Background technology:
At present, methyl chloride has 3 kinds of industrial processes, i.e. by-product absorption method, methane chlorination method, methyl alcohol hydrochlorinate method.
The by-product absorption method be the methyl chloride that will produce in the pesticide producing process, hydrogenchloride mixed tail gas through lyophilization, again through vitriol oil drying, in the solid caustic soda and deacidification, compressed then, condensation liquefaction gets the product methyl chloride.But the by-product absorption method is because of being limited by agricultural chemicals Trichlorphon production and selling, and the methyl chloride turnout is restricted, and product purity does not satisfy the requirement of synthesizing methyl-chloro-silane.
The methane chlorination method is that methane and chlorine are carried out chlorination under 400 ℃ of high temperature, and chlorizate absorbs through water and removes de-chlorine hydride, and the unreacted methane aftercut of compressed again, condensation separation goes out methyl chloride and polychloride.The methane chlorination method is suitable for producing polychloride, and per unit area yield monochloro methane person is generally without this method.

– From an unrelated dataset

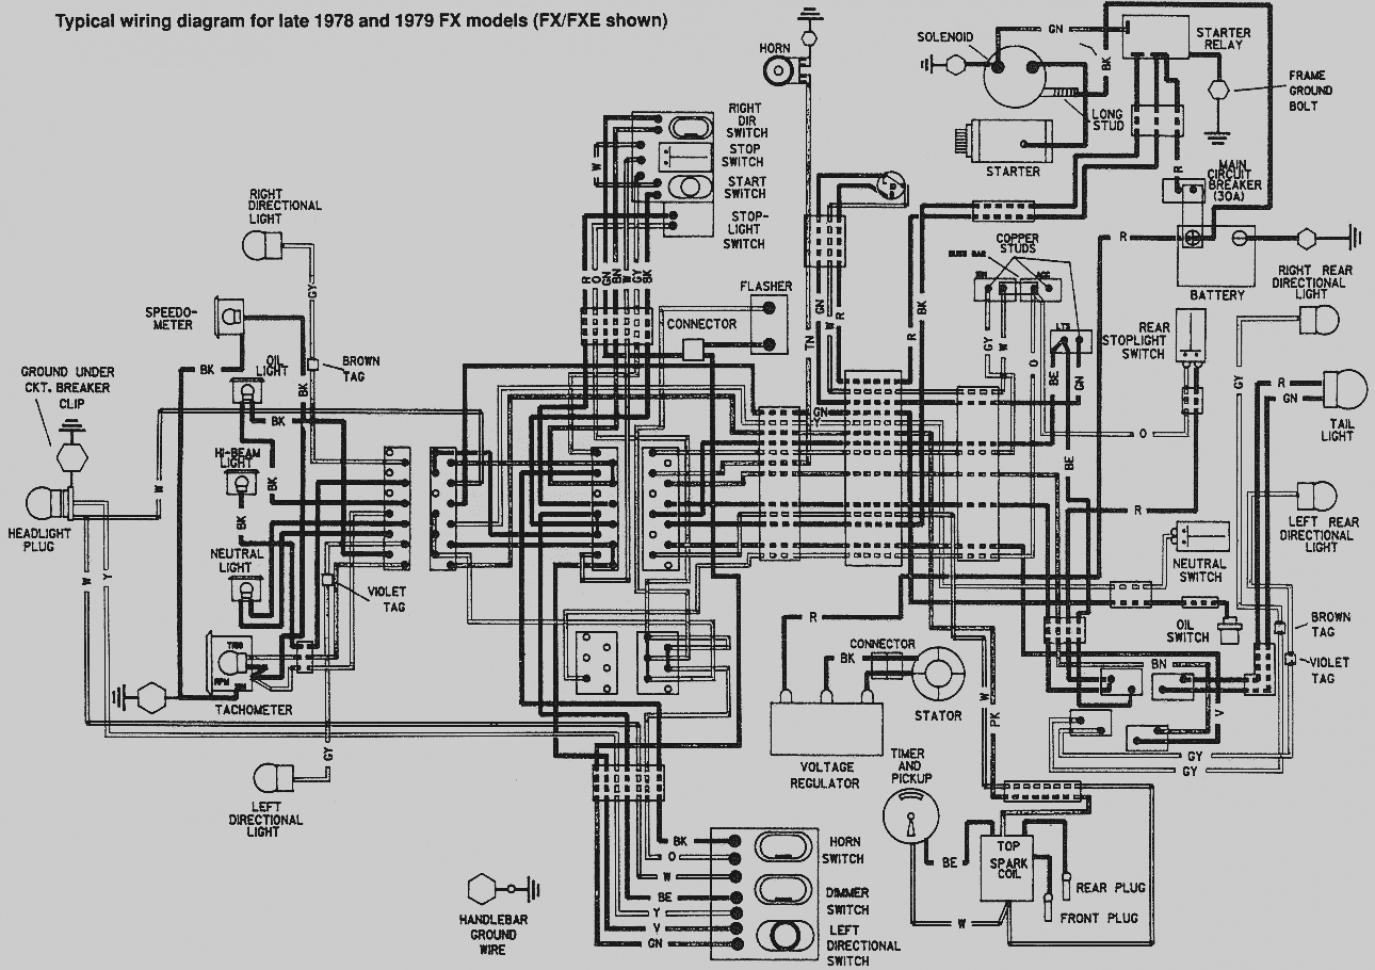 harley davidson big twin diagram wiring diagram
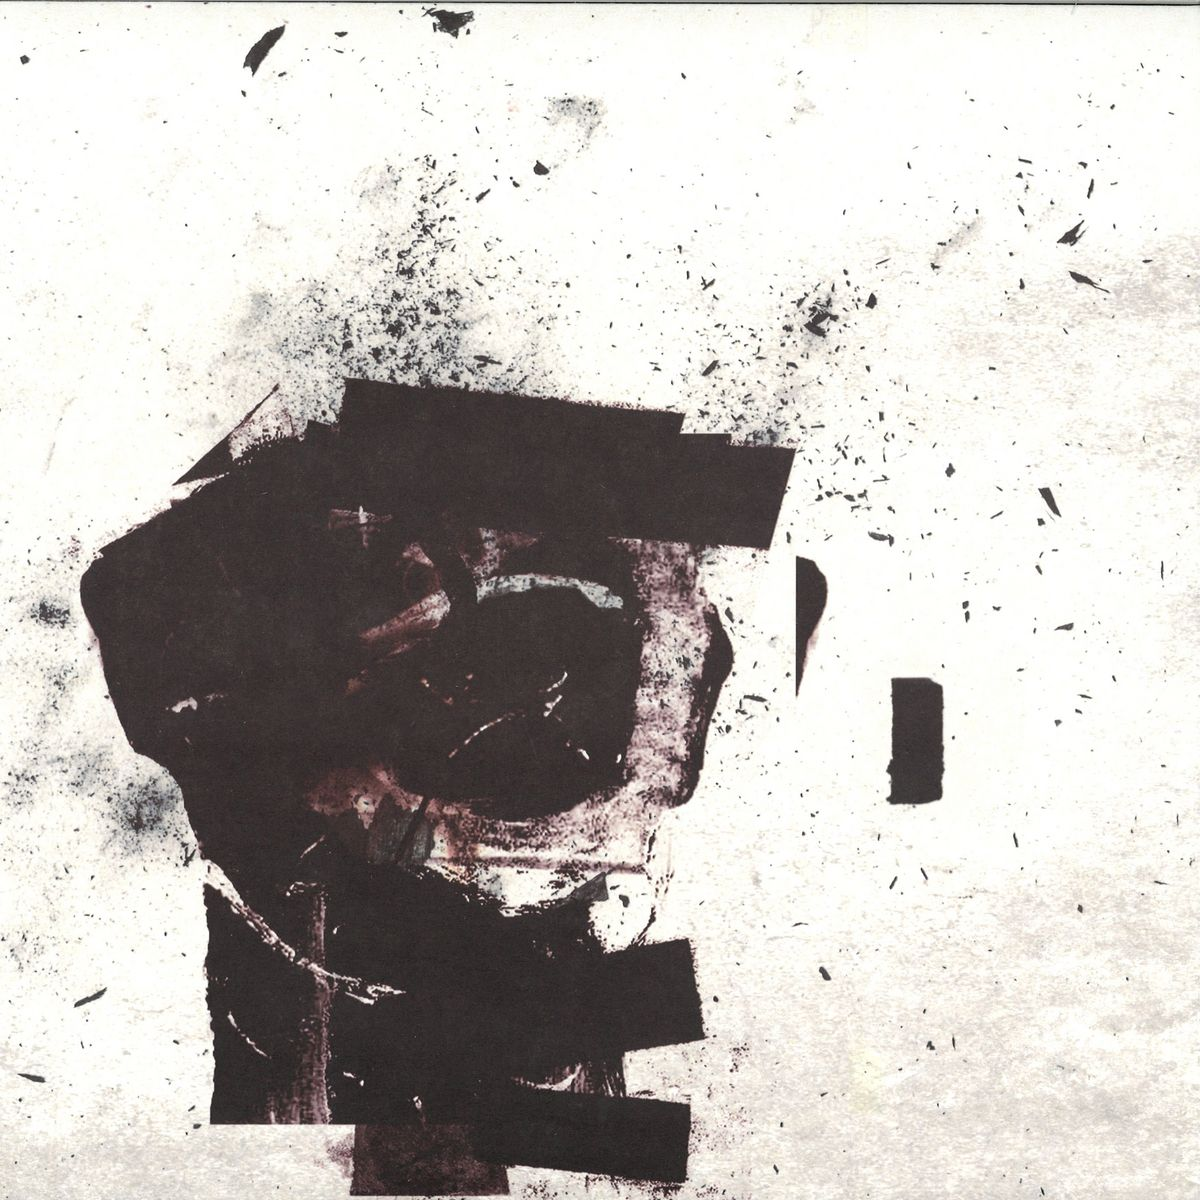 Charlotte De Witte - Closer EP (Mary Go Wild Black)

The methyl alcohol chlorination process is after hydrogenchloride and methyl alcohol are proportioned, to carry out building-up reactions under certain condition and generate thick product methyl chloride, obtains the liquid methyl chloride through purification, drying, compression, condensation again.The present invention has raw material and is easy to get, level of automation height, yield advantages of higher.
Summary of the invention:
The novel process that the present invention produces monochloro methane for the liquid catalytic pressurization.Methyl alcohol and hydrogenchloride through vaporization enter in the reactor that liquor zinci chloridi is housed by a certain percentage, and reaction under certain condition generates methyl chloride.Methyl chloride etc. and unreacted completely hydrogenchloride, methyl alcohol together through the condenser cooling condensation, enter vapour liquid separator after water and the methanol condensed, methyl chloride, dme and unreacted hydrogen chloride, methyl alcohol enter sour water together and wash at the bottom of the Tata, sour water is washed column overhead and is added quantitative water, most of hydrogenchloride, methyl alcohol are removed, the acid that produces enters dilute acid bath by the tower still, and methyl chloride and dme and a small amount of hydrogenchloride are washed at the bottom of column overhead enters the alkali cleaning Tata by sour water.The soda-wash tower cat head adds the caustic soda washings, and the hydrogenchloride in the methyl chloride is removed, and the alkali lye after the washing enters the salkali waste groove by the tower still.Methyl chloride and dme and residual water are gone into by the soda-wash tower jacking at the bottom of the sulfuric acid tower tower, adopt the placed in-line sulfuric acid countercurrent flow of multitower to carry out drying.Through a plurality of sulfuric acid towers the water of remnants and the dme in the byproduct of reaction are removed, the methyl chloride gas behind purge drying enters compressor by the drying tower cat head, and compressed, condensation obtains highly purified liquid methyl chloride product.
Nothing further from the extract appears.